The X Factor or Strictly — a choice too far

Reporter: What Kati Did Next, by Kati WIlliamson
Date published: 09 December 2008


IT’S that time of year folks. Hasn’t it come round quick? It seems like only yesterday doesn’t it?

No madam, I’m not talking Christmas, I’m talking the final of “The X-Factor” and “Strictly Come Dancing”.

Each Saturday night us innocent punters are thrown into a world of glamour and sparkle — no, not Simon Cowell’s teeth, although aren’t they white? I don’t think I’ve ever seen anything that luminous before, he must get them shipped over from LA.

No, we are scintillated by Strictly’s sequins and excited by the X-Factors, well, X-Factor.

Who needs drab Albert Square when you can “gasp” at the “luvvies” in Spandex on one side and “ooh” at the criticism thrown at the singers on the other.

There is something in this reality TV nonsense though isn’t there? I may pretend to you that I have no interest in these two shows but please don’t believe me. I love them.

I cannot bear the fact that “The X” clips 15 minutes off the end of “SCD”. It’s not on, it’s making me choose.
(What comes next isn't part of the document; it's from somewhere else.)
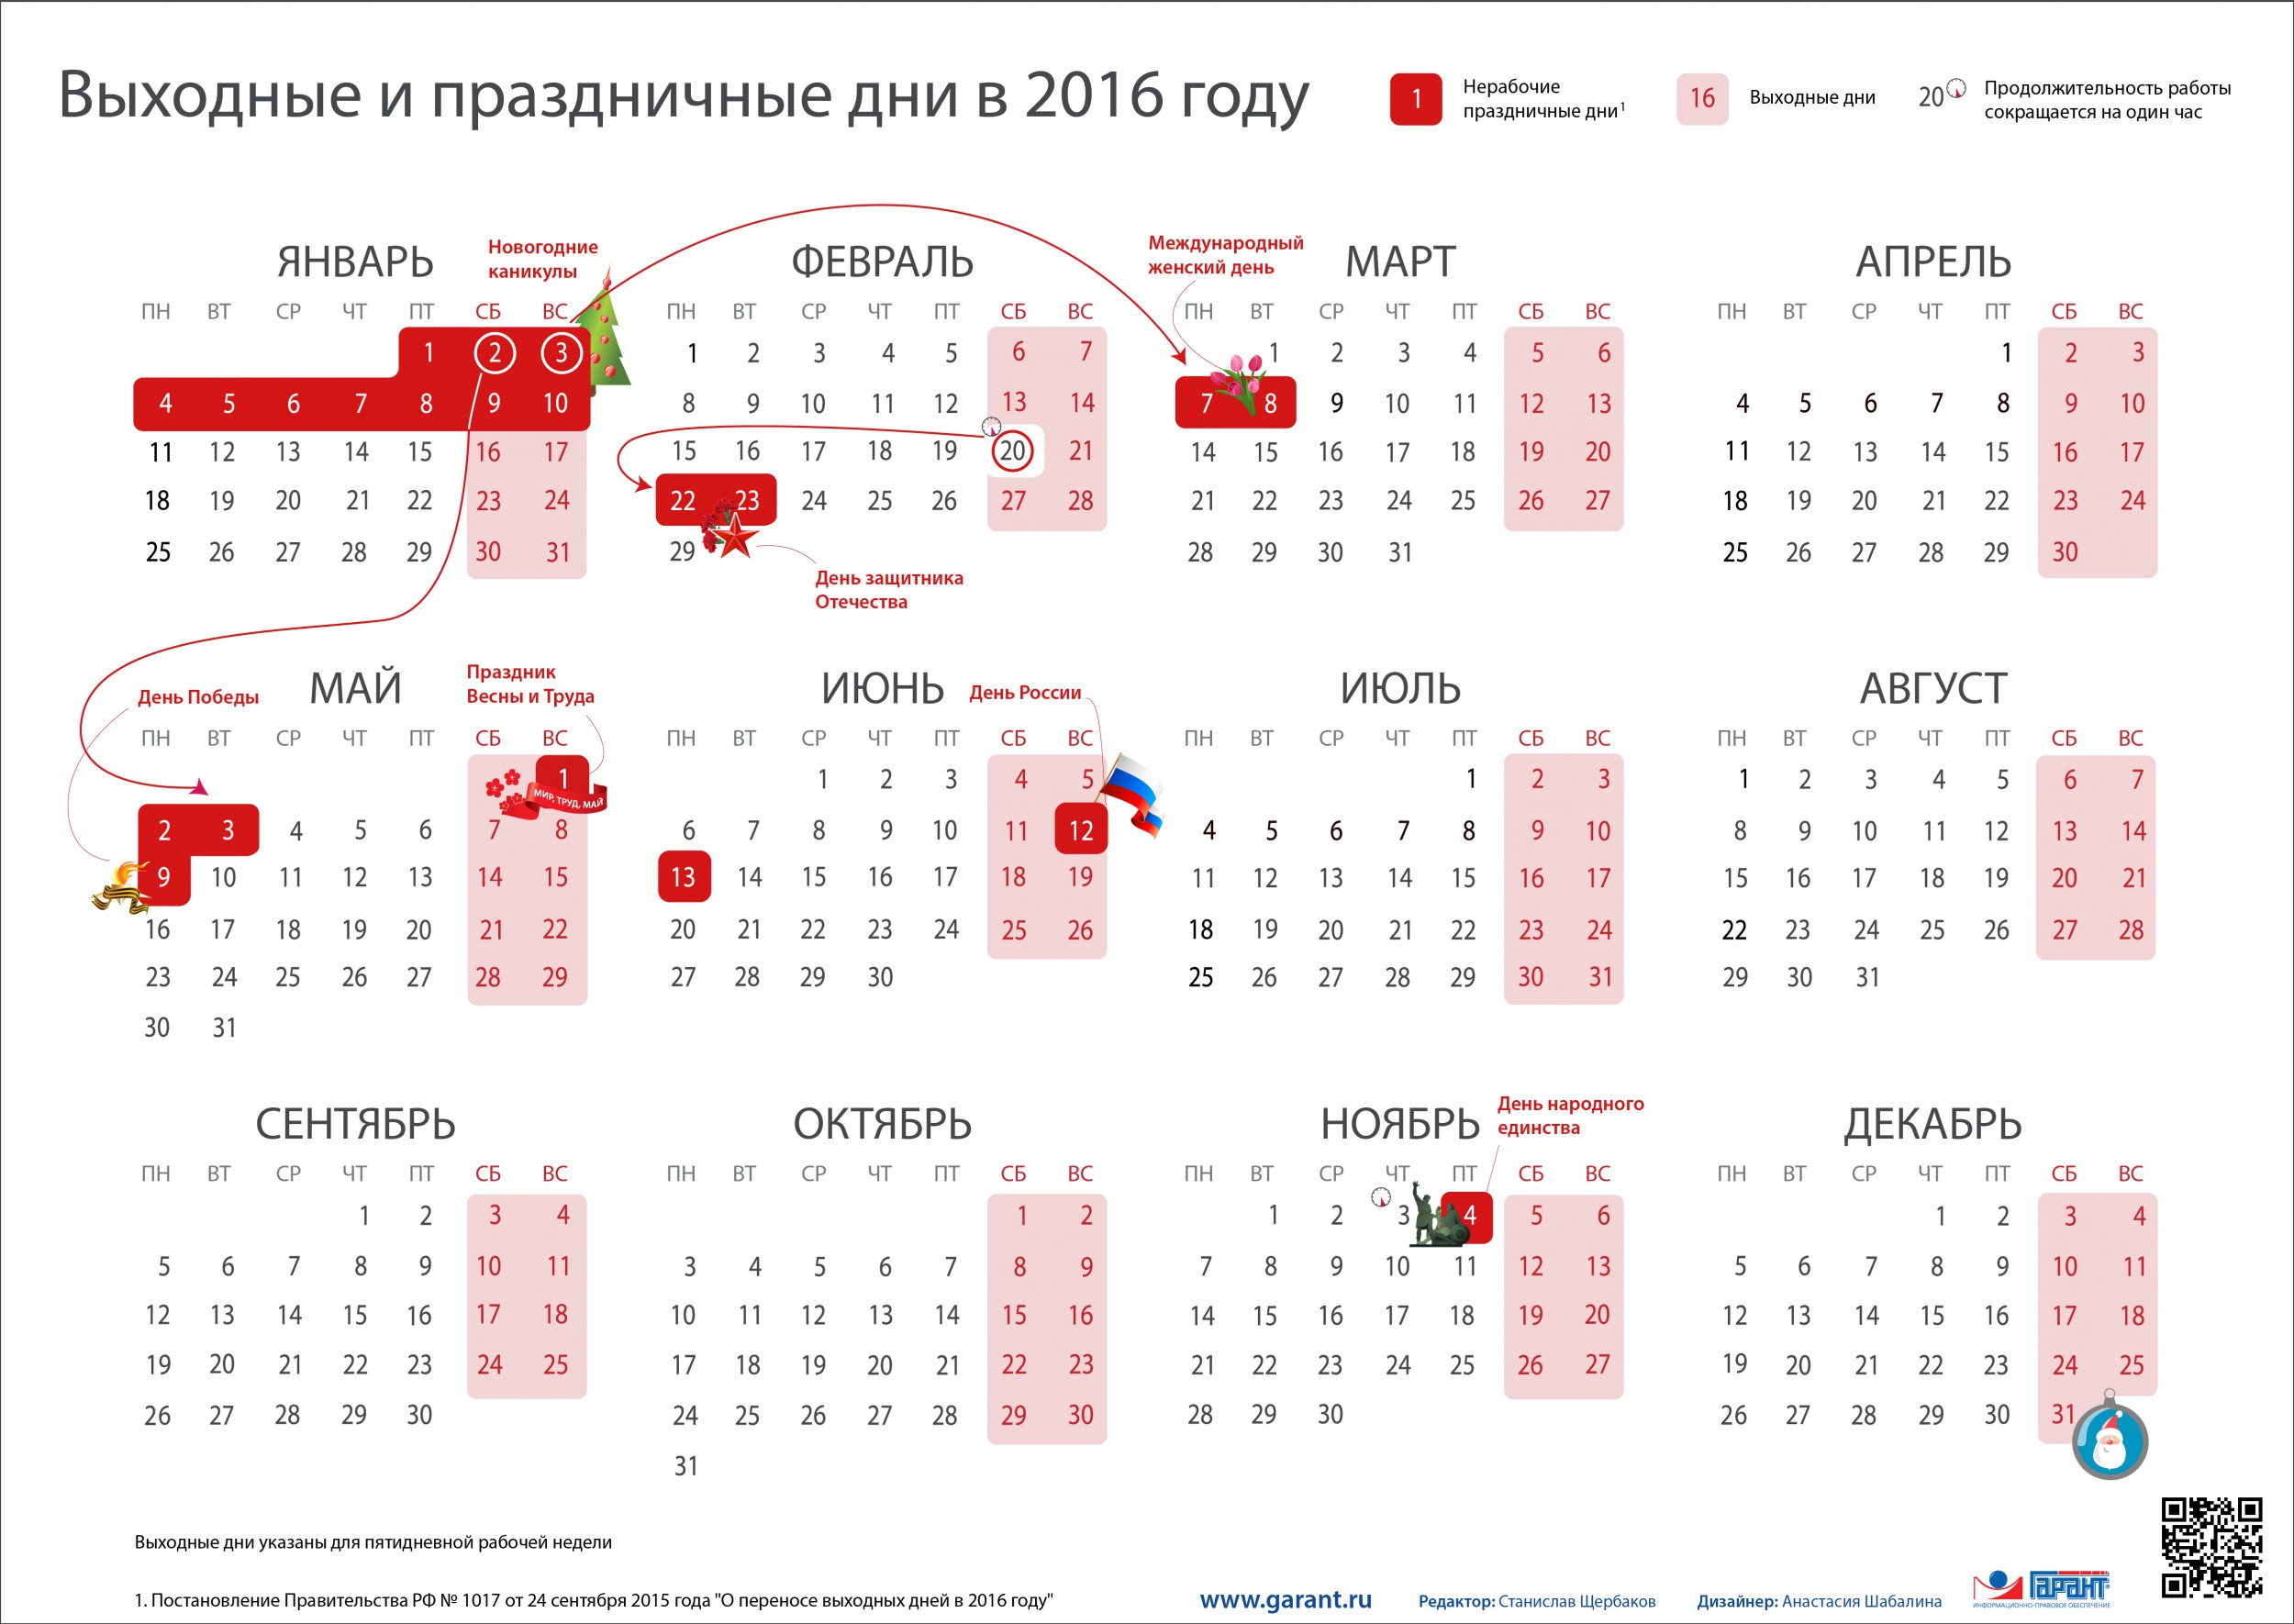 http://www.garant.ru/files/4/4/648844/kalendar_2016.jpg

It’s like a scorned wife. “It’s me or her?” it asks.

Well I can’t make decisions like that at this time of night at the end of a week.

I have struggled to get my child into bed, I have read Thomas the Tank Engine four times instead of the normal three to placate my little angel so he’ll be in bed 10 minutes earlier than normal, all so I can dash downstairs pour myself a glass of the red stuff and throw myself on to the sofa just in time to hear the odd couple shout “nice to see you to see you nice.” It can’t make me choose.

Throughout my week I think, “Who’s going this week?” “Who’s top of the leader board this week?”

Then I switch effortlessly to the other side. “They can’t get rid of them not this week,” I mutter to myself as all the best singers disappear into obscurity leaving only the attractive ones behind.

I have questioned my obsession with these Saturday nights in and I would like to say it’s the shows glamour or the good old-fashioned family entertainment value or some other such excuse.

But that’s not the truth.

Quite simply, I have a baby, I can’t get a babysitter and I don’t get out much. Can you tell?